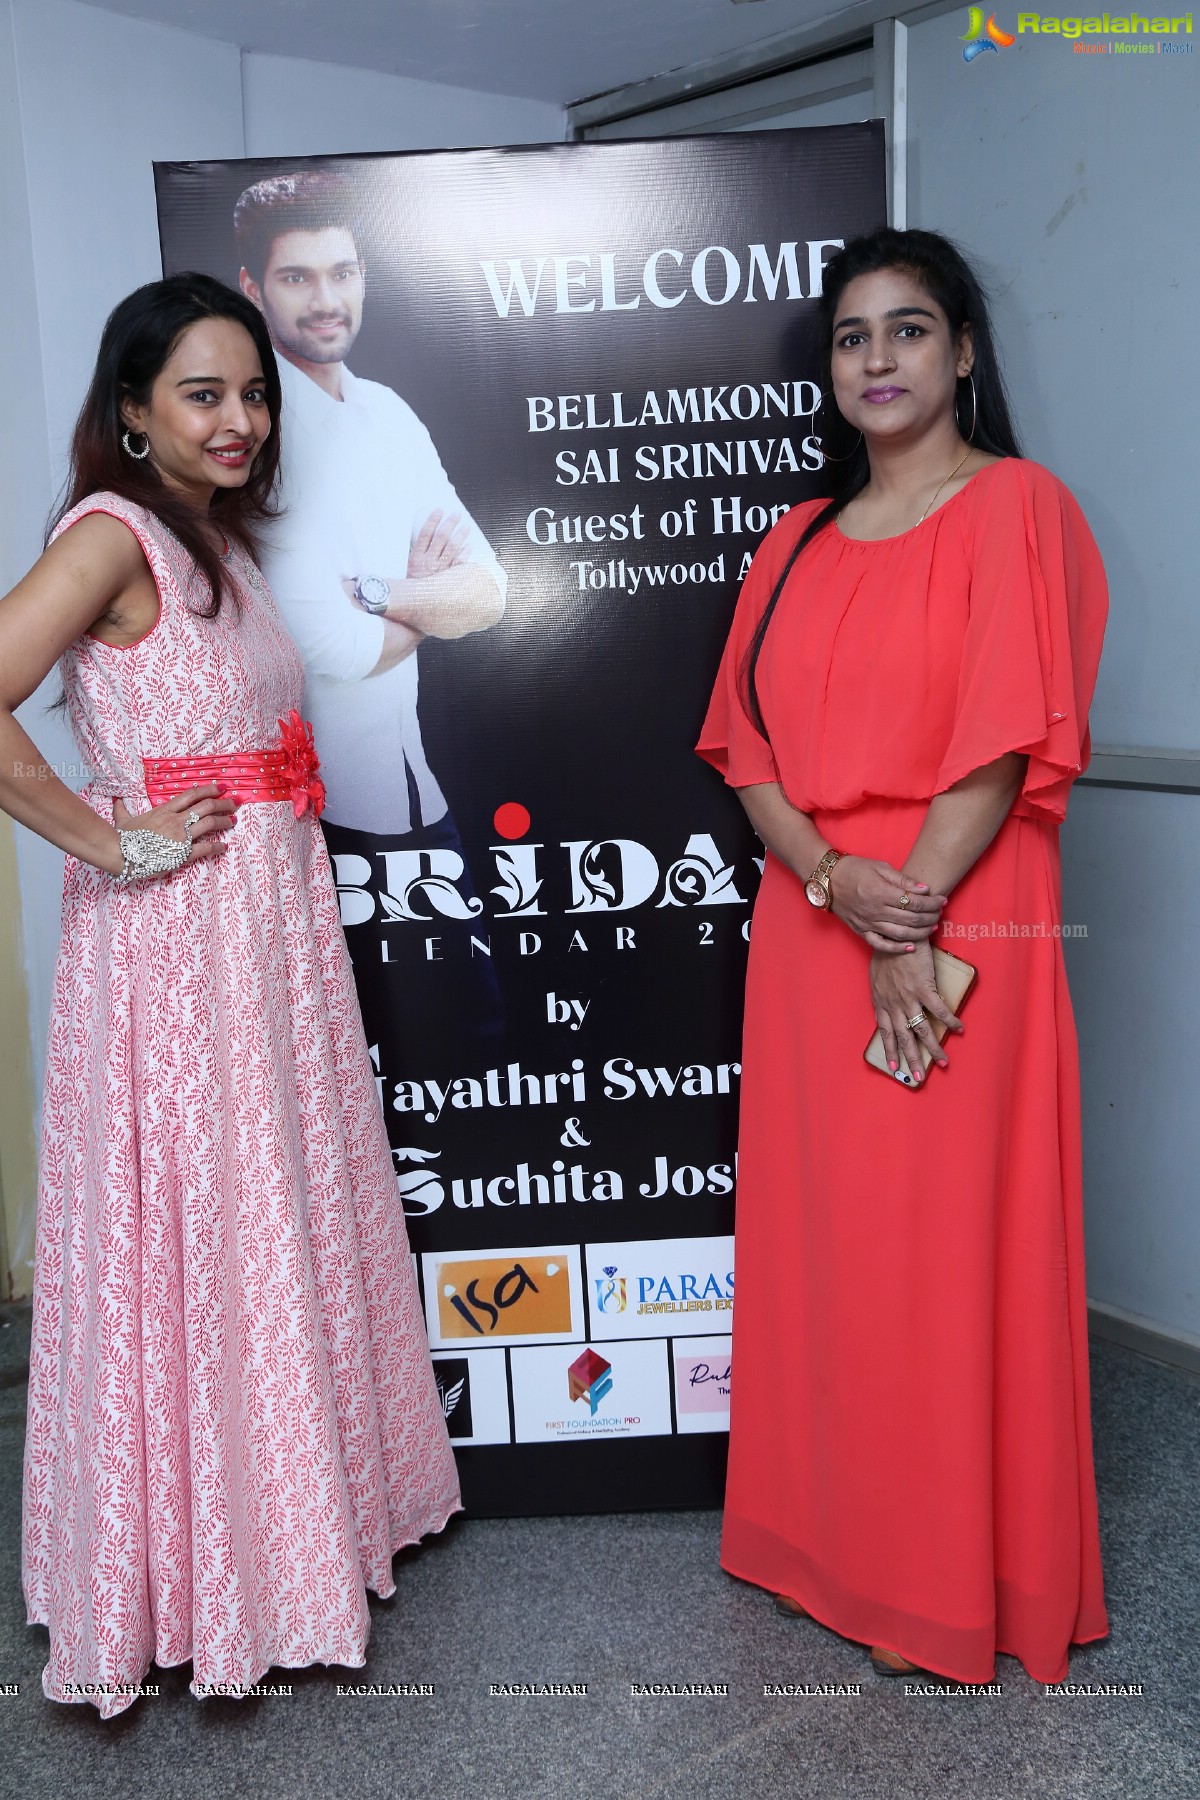 Bridal Calendar 2019 Launched by Actor Srinivas Bellamkonda
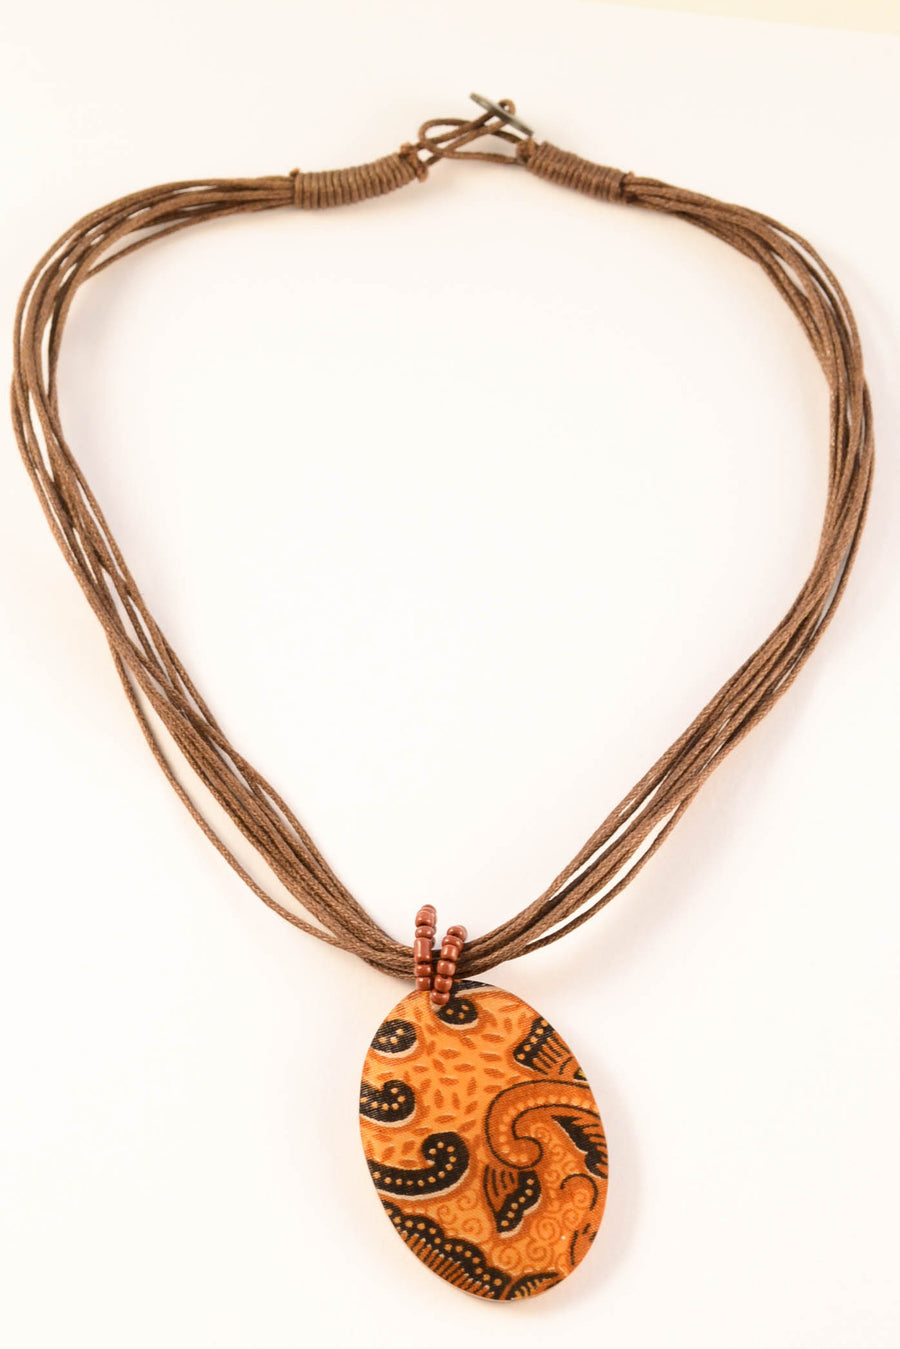 Batik Necklace - Large Oval
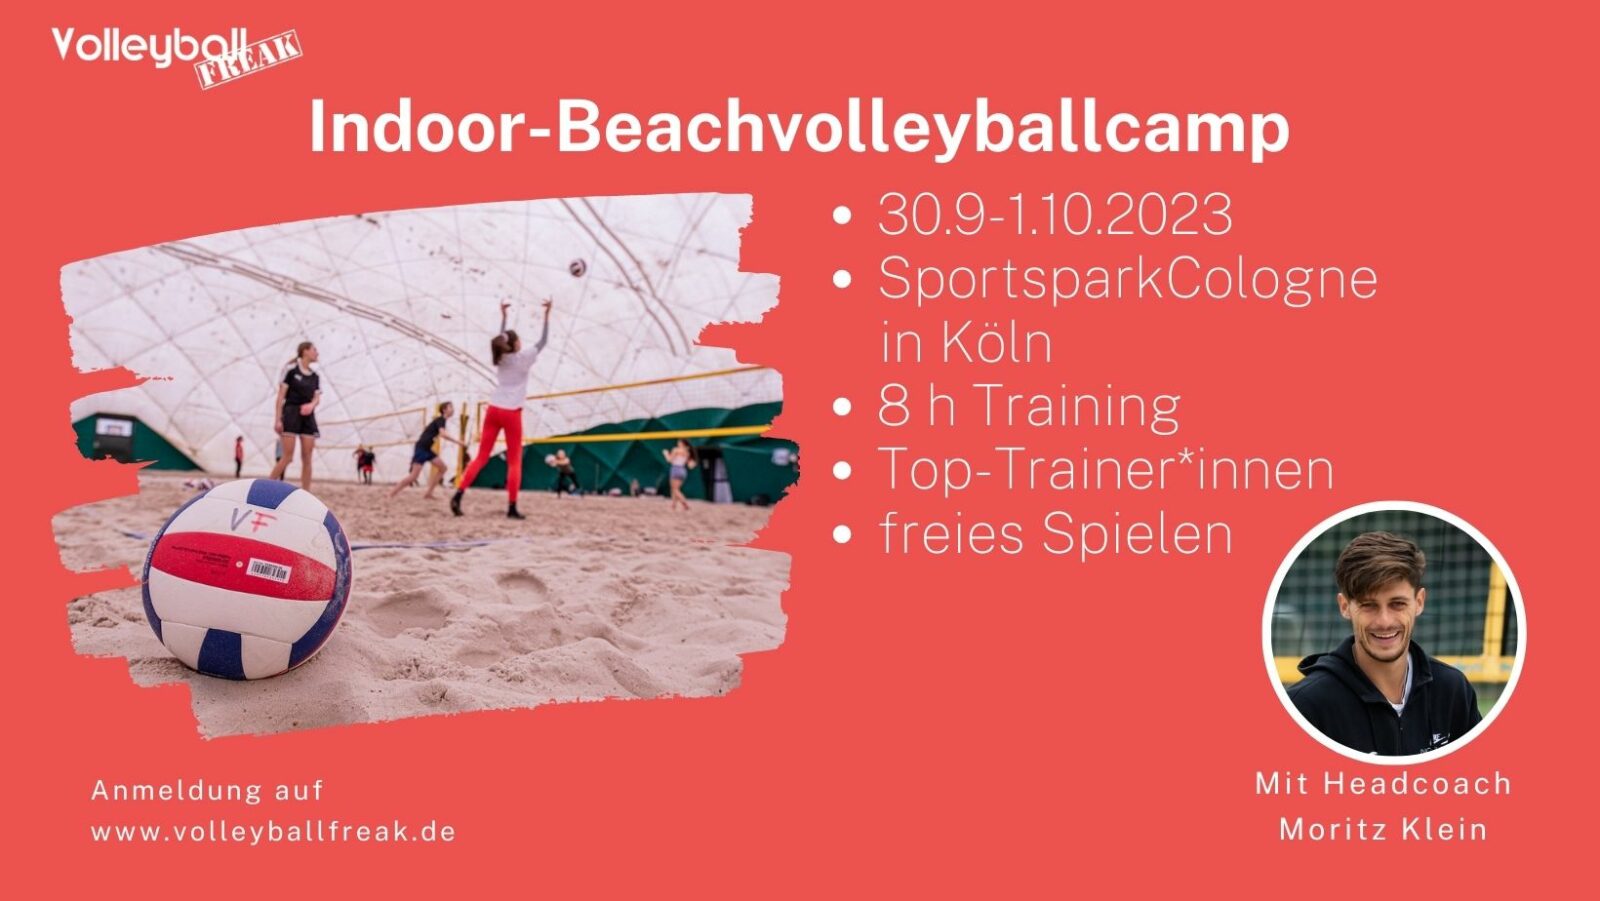 Indoor-Beachvolleyballcamp 30.9.-1.10.2023 in Köln

******************************

> **WHAT THE EXERCISE ASKS**: The copy should hold exactly the lines from the line containing "Batik Necklace - Large Oval" through the end of the data, both ends included, and no pictures.

> **COMPLETED EXERCISE**:
 Batik Necklace - Large Oval
 Indoor-Beachvolleyballcamp 30.9.-1.10.2023 in Köln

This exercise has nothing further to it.